Wednesday, March 25, 2009

More bad newspaper news

-- The Houston Chronicle canned 12% of its staff yesterday (and today), including Clay Robison in the Austin bureau and Richard Stewart, whose East Texas columns I've read for thirty years, going back to when he wrote them in the Beaumont Enterprise-Journal. Hair Balls and Banjo Jones have more.

It looks like Steve Swartz is really determined to earn a bonus in his first year.

-- There is no longer a newspaper in Ann Arbor and three other small Michigan cities.

-- Gannett is furloughing employees and cutting pay rather than go through another round of layoffs -- for the time being:

The pall looming over U.S. newspapers grew even darker Monday as Gannett Co. informed most of its employees that they will have to take another week of unpaid leave this spring, while a Michigan daily unveiled plans to close its print edition after 174 years.

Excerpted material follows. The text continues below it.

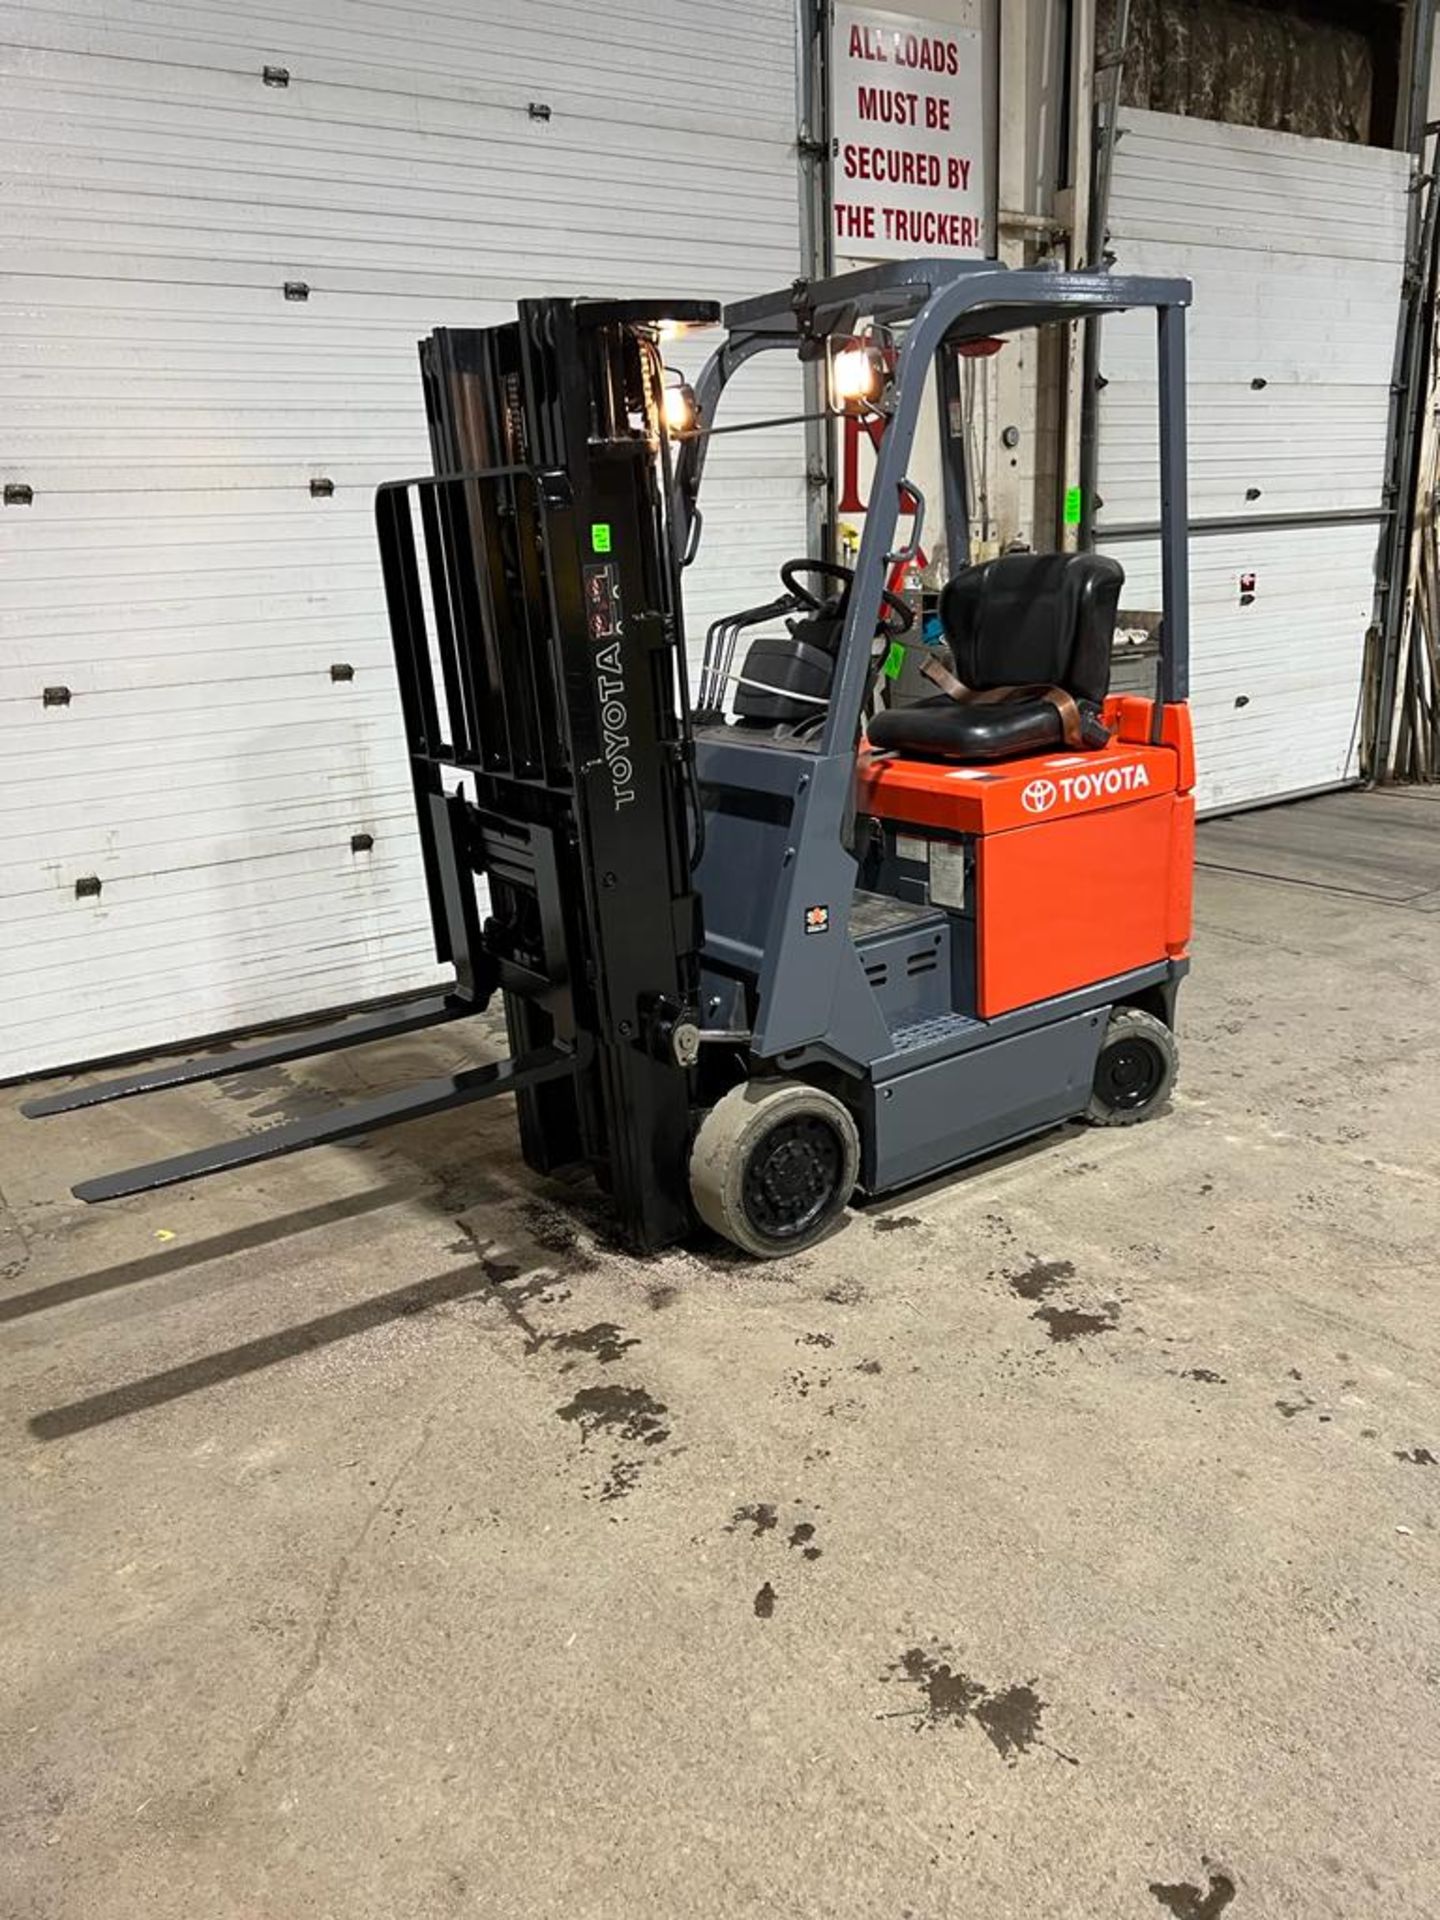 NICE 2016 Toyota 3,000lbs Capacity Forklift NEW 36V Battery with 3-stage mast - FREE CUSTOMS - Image 3 of 4

And The Plain Dealer, Ohio's largest newspaper, also ordered pay cuts and 10-day furloughs for nonunion employees Monday to cut costs as advertising revenue drops.

The moves were just the latest sign of the distress afflicting newspapers across the country as they try to cope with a dramatic shift in advertising that is forcing publishers to figure out how to survive with substantially less revenue.

Signaling it doesn't see an upturn anytime soon, Gannett wants virtually all of its U.S. employees to stay at home and forgo at least one week's pay before July. About 6,600 workers outside the United States won't be affected by the furloughs.

Executives and many workers making more than $90,000 annually will sacrifice two weeks pay in hopes that Gannett _ the owner of USA Today and more than 80 daily newspapers _ will be able to avoid more layoffs after jettisoning 4,000 jobs last year.

This will mark Gannett's second round of furloughs this year. The company, which employs about 41,500 people, saved about $20 million by imposing one-week furloughs during the first three months of this year.

No end in sight.

Update: The NYT and the WaPo as well ...

Two of the most respected U.S. newspaper publishers, The Washington Post Co and The New York Times Co, are embarking on new cost cuts in the face of dramatic declines in advertising revenue.

The Times said it laid off 100 workers and is cutting non-union salaries. It is also asking unionized employees to accept similar concessions to avoid layoffs in the newsroom.

The Post is offering a new round of buyouts to newsroom, production and circulation employees, and said it could not rule out laying off staff.

"This was a very difficult decision to make," said a memo signed by Times Chairman Arthur Sulzberger Jr. and Chief Executive Janet Robinson. "The environment we are in is the toughest we have seen in our years in business."

The moves come as a host of other U.S. newspaper publishers have reduced staff, declared bankruptcy or shuttered once-vaunted newspapers, as readers seek news online and elsewhere and as the recession crimps advertising spending.

Tuesday, March 24, 2009

GOP predicts "doomsday" if Obama budget passed


They really did use the word "doomsday".

Well, actually they said 'this country will go bankrupt' and 'fast road to ruin'; our liberal media translated that as "doomsday".

Where were Judd Gregg and Richard Shelby when Bush was spending $4 trillion on wars in Iraq and Afghanistan? In the Senate heartily voting 'aye', of course.

Anyway, this is a repeat of 1993, and does anyone remember what kind of economy we got after the Republicans finished whining and the United States finally got a budget?

Then I don't suppose anyone can recall that Clinton's '93 budget, which raised taxes, reduced the federal deficit significantly either.

Seriously though, let's allay their deficit concerns and raise taxes on the wealthiest 5% NOW, instead of 2011.

"Heavens to Murgatroyd! That would be Socialism!"

Continuing to provide a forum -- some would say, 'outlet' -- for the bleatings of the naysayers isn't quite as stupid as ascribing drops in the Dow to the president speaking -- indeed, lying about it --or writing an article about the Employee Free Choice Act without ever seeking a comment from a representative of labor.

If we're going to play 'point/counterpoint or 'tit-for-tat' then it needs to be a two-way-street all the time.